__Description of the task__
Repeat the lines of the data that follow, please, starting at the first and stopping after the one with "Shopkins Pool Party Ideas".

__Saved data entries__
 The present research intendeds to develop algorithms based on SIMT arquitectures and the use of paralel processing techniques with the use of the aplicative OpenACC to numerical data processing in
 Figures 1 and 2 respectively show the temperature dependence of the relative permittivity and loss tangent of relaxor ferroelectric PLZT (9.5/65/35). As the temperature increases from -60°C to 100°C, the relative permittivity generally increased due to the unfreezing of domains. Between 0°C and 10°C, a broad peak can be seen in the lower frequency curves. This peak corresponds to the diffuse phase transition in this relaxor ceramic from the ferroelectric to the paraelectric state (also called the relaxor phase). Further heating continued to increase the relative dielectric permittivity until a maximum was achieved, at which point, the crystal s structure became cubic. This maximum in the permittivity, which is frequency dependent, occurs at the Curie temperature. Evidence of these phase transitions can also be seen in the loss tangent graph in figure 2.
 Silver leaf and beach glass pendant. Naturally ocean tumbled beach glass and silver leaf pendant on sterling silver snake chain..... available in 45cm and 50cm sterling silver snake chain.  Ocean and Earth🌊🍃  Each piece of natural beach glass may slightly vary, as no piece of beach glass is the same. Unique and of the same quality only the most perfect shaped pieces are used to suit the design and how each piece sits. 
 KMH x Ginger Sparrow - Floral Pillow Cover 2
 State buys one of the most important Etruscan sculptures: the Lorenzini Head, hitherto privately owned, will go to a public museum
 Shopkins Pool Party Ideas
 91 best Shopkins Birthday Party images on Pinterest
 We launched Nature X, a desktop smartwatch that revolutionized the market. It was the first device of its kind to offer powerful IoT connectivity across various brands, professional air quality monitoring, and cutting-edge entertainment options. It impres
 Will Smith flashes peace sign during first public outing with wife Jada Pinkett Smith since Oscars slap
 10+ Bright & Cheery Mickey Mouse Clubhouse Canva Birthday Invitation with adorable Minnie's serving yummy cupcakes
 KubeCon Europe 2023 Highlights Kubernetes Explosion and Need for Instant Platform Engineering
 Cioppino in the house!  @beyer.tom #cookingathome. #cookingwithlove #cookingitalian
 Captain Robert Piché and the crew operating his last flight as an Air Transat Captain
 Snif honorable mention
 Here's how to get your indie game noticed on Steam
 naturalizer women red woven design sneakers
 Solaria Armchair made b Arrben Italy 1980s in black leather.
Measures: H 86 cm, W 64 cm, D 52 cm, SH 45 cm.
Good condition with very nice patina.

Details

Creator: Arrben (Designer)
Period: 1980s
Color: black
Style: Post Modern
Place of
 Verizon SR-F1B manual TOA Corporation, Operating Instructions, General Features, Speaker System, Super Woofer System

__Result below__
 The present research intendeds to develop algorithms based on SIMT arquitectures and the use of paralel processing techniques with the use of the aplicative OpenACC to numerical data processing in
 Figures 1 and 2 respectively show the temperature dependence of the relative permittivity and loss tangent of relaxor ferroelectric PLZT (9.5/65/35). As the temperature increases from -60°C to 100°C, the relative permittivity generally increased due to the unfreezing of domains. Between 0°C and 10°C, a broad peak can be seen in the lower frequency curves. This peak corresponds to the diffuse phase transition in this relaxor ceramic from the ferroelectric to the paraelectric state (also called the relaxor phase). Further heating continued to increase the relative dielectric permittivity until a maximum was achieved, at which point, the crystal s structure became cubic. This maximum in the permittivity, which is frequency dependent, occurs at the Curie temperature. Evidence of these phase transitions can also be seen in the loss tangent graph in figure 2.
 Silver leaf and beach glass pendant. Naturally ocean tumbled beach glass and silver leaf pendant on sterling silver snake chain..... available in 45cm and 50cm sterling silver snake chain.  Ocean and Earth🌊🍃  Each piece of natural beach glass may slightly vary, as no piece of beach glass is the same. Unique and of the same quality only the most perfect shaped pieces are used to suit the design and how each piece sits. 
 KMH x Ginger Sparrow - Floral Pillow Cover 2
 State buys one of the most important Etruscan sculptures: the Lorenzini Head, hitherto privately owned, will go to a public museum
 Shopkins Pool Party Ideas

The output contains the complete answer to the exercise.